• **WHAT YOU HAVE TO DO**
Give the listing again in full and exactly, apart from its pictures.

• **EXERCISE DATA**

□ □ □ □ □

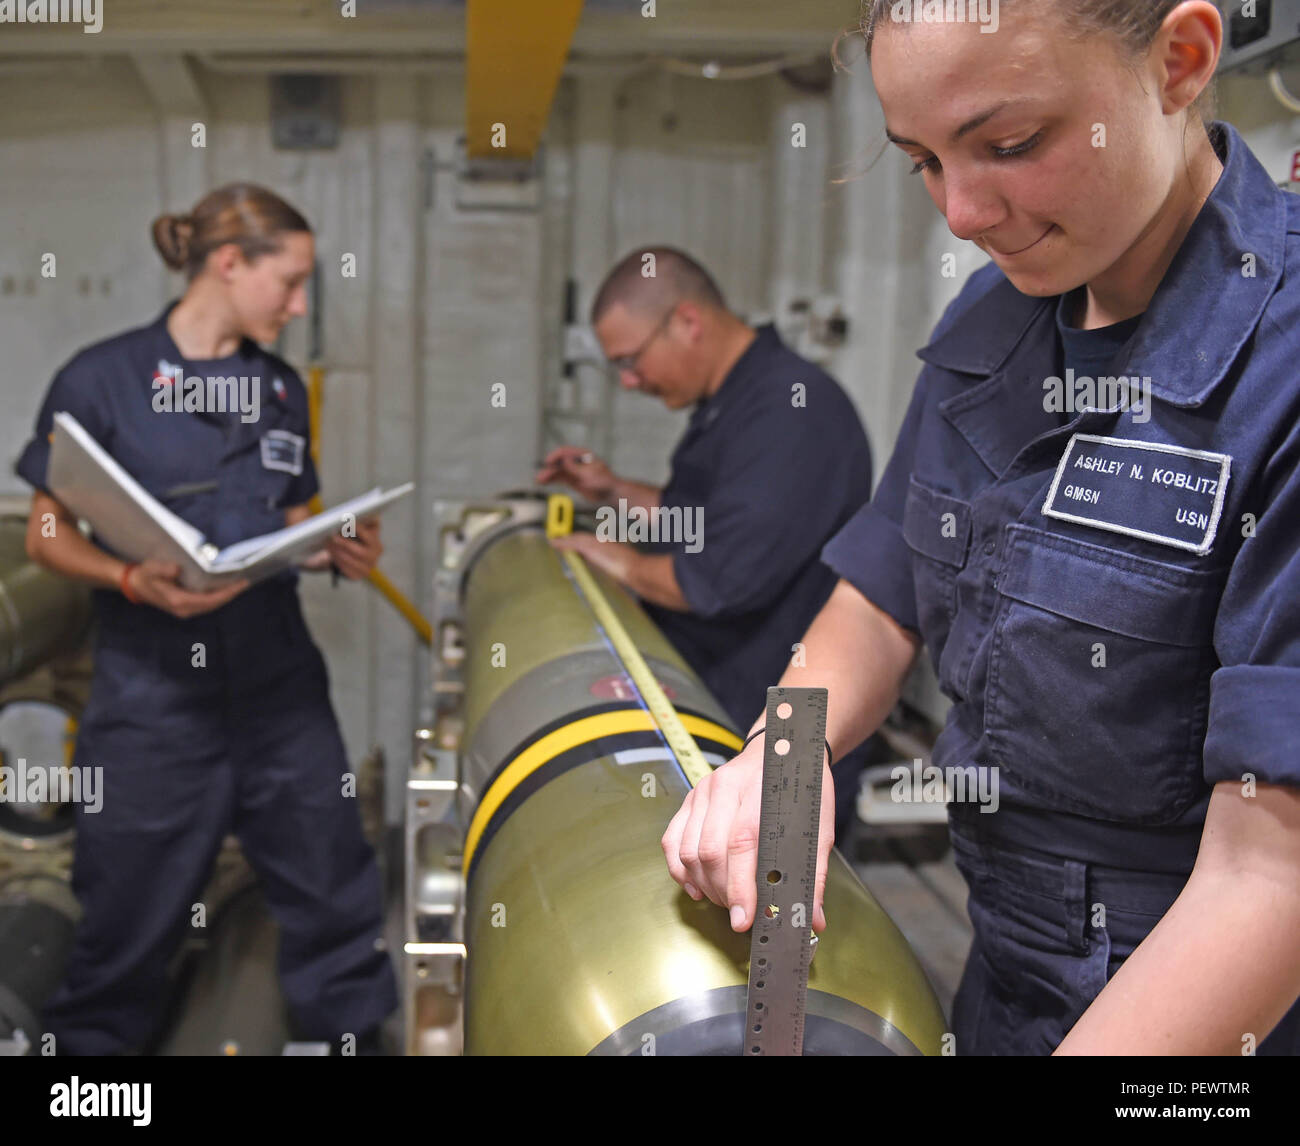 160209-N-KM939-306 PACIFIC OCEAN (Feb 9, 2016) - Gunner’s Mate Seaman Ashley Koblitz, from Memphis, Texas, measures an MK-54 torpedo in preparation for banding in the weapons locker aboard the guided-missile destroyer, USS Stockdale (DDG 106). Providing a combat-ready force to protect collective maritime interests, Stockdale, assigned to the Stennis strike group, is operating as part of the Great Green Fleet on a regularly scheduled Western Pacific deployment. (U.S. Navy photo by Mass Communication Specialist 3rd Class David A. Cox/Released) Stock Photo
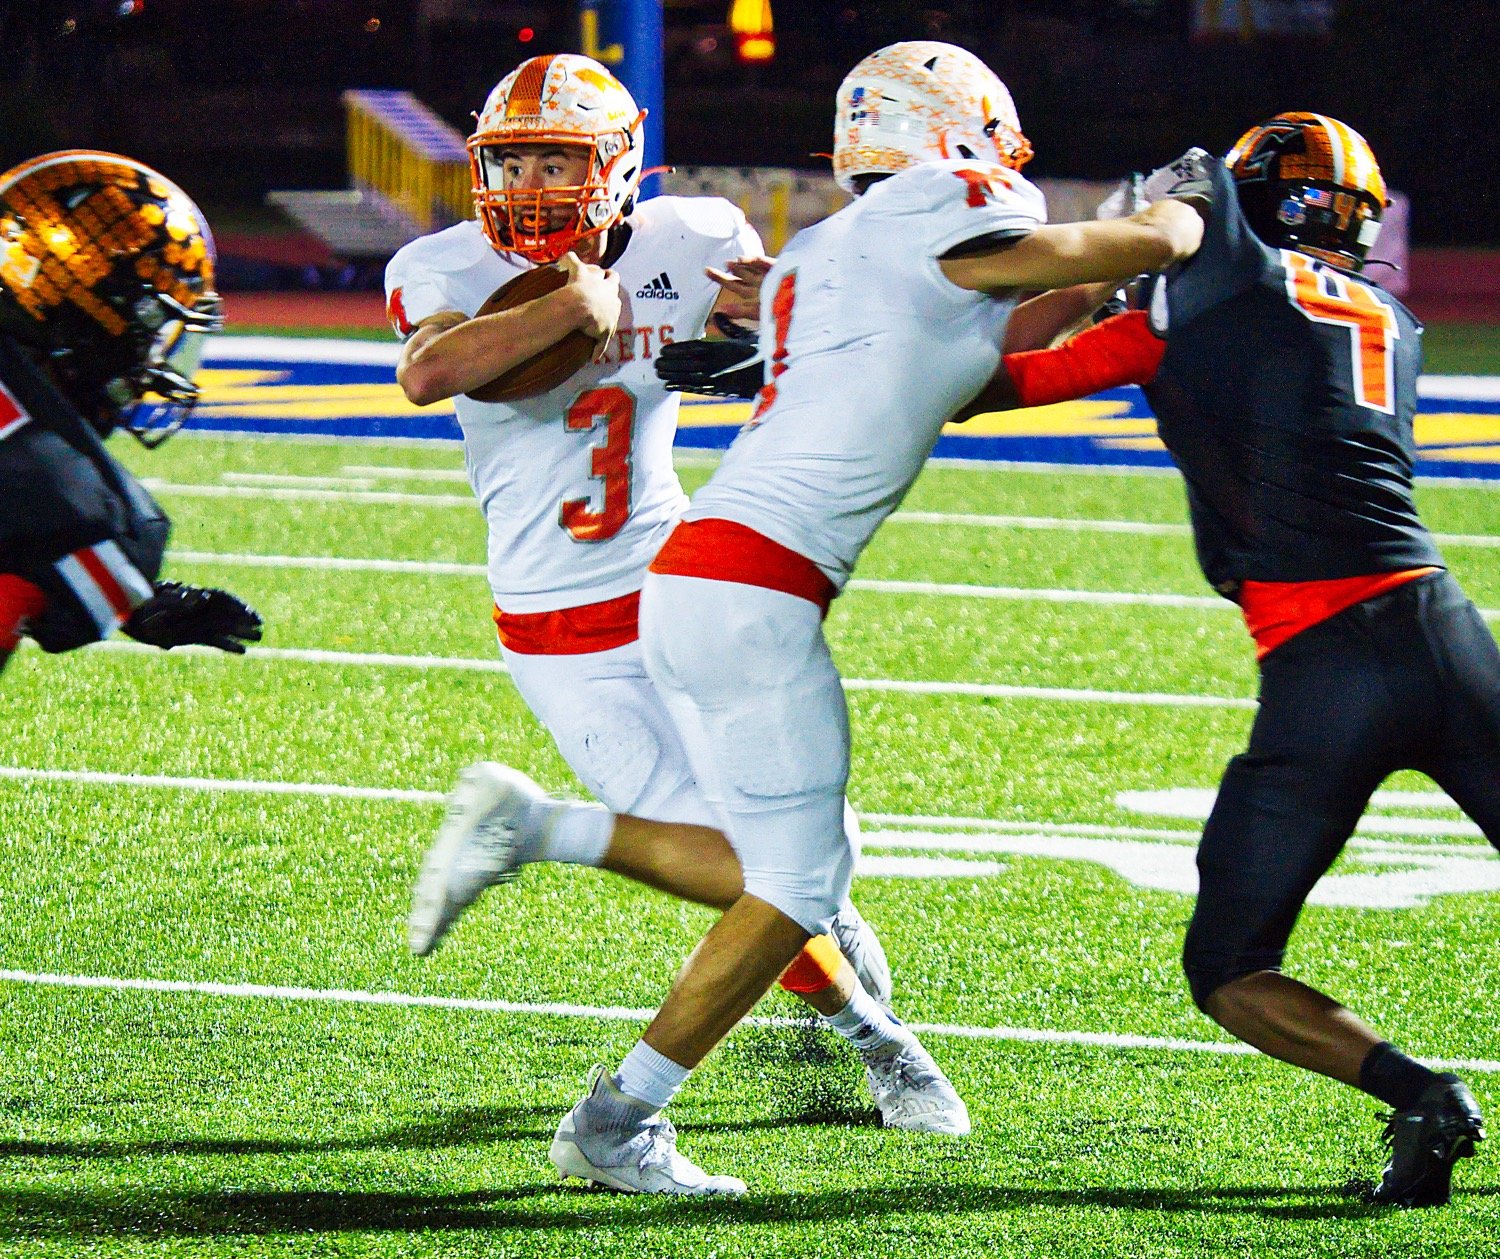 Mineola’s T.J. Moreland, 3, looks for an opening with blocking help from Thomas Hooten Friday against Commerce.
[see more action and buy prints]
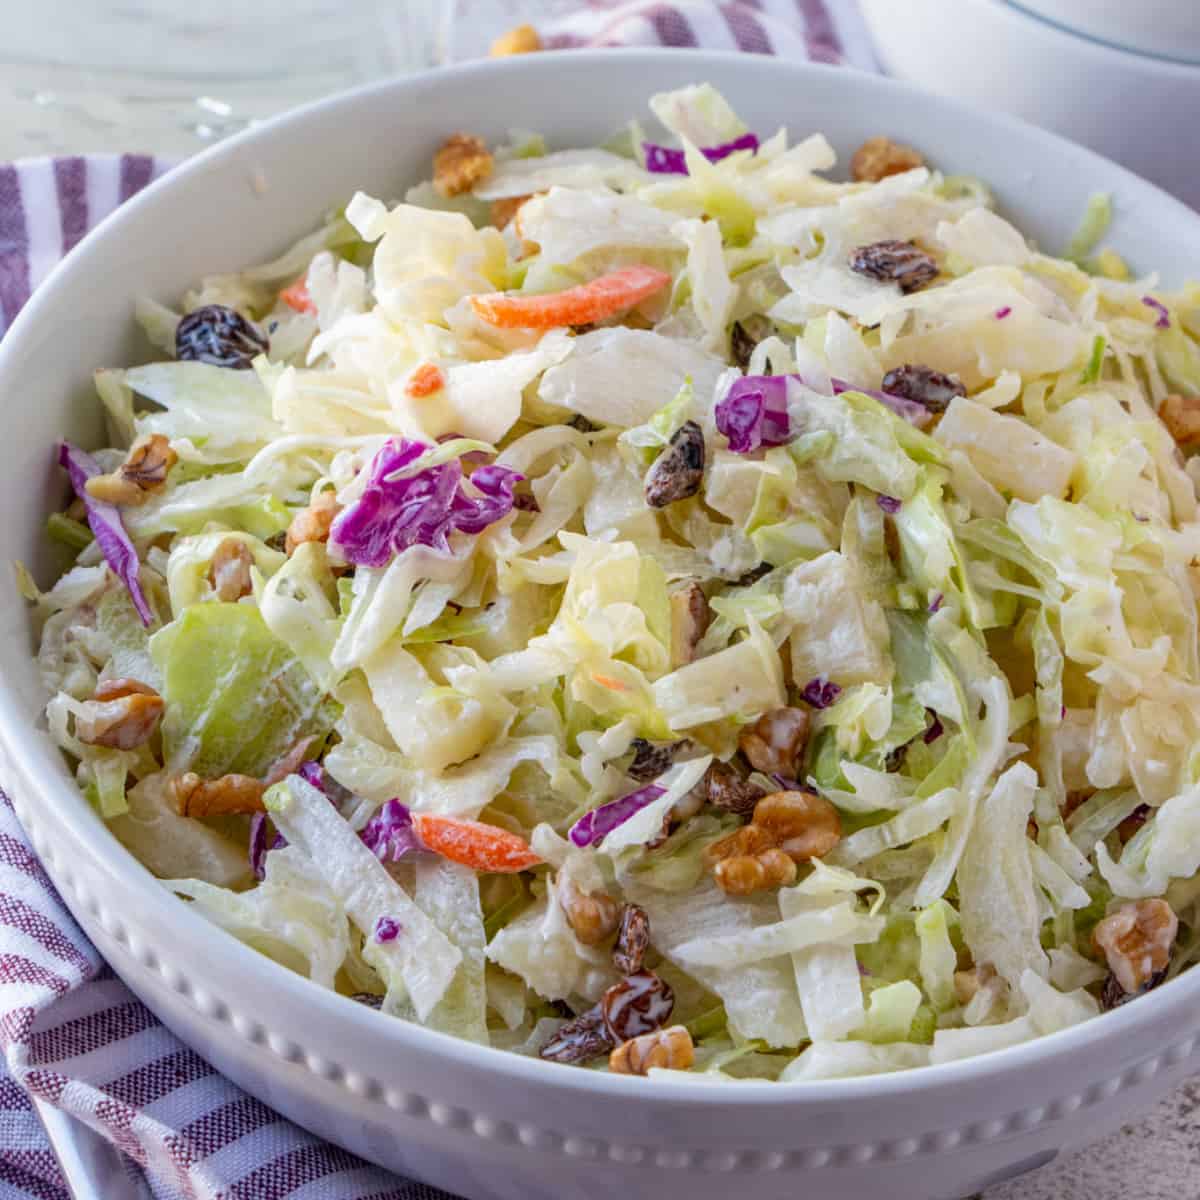 Square shot of coleslaw in a bowl.

□ □ □ □ □

• **TASK SOLUTION**
 160209-N-KM939-306 PACIFIC OCEAN (Feb 9, 2016) - Gunner’s Mate Seaman Ashley Koblitz, from Memphis, Texas, measures an MK-54 torpedo in preparation for banding in the weapons locker aboard the guided-missile destroyer, USS Stockdale (DDG 106). Providing a combat-ready force to protect collective maritime interests, Stockdale, assigned to the Stennis strike group, is operating as part of the Great Green Fleet on a regularly scheduled Western Pacific deployment. (U.S. Navy photo by Mass Communication Specialist 3rd Class David A. Cox/Released) Stock Photo
 Mineola’s T.J. Moreland, 3, looks for an opening with blocking help from Thomas Hooten Friday against Commerce.
[see more action and buy prints]
 Square shot of coleslaw in a bowl.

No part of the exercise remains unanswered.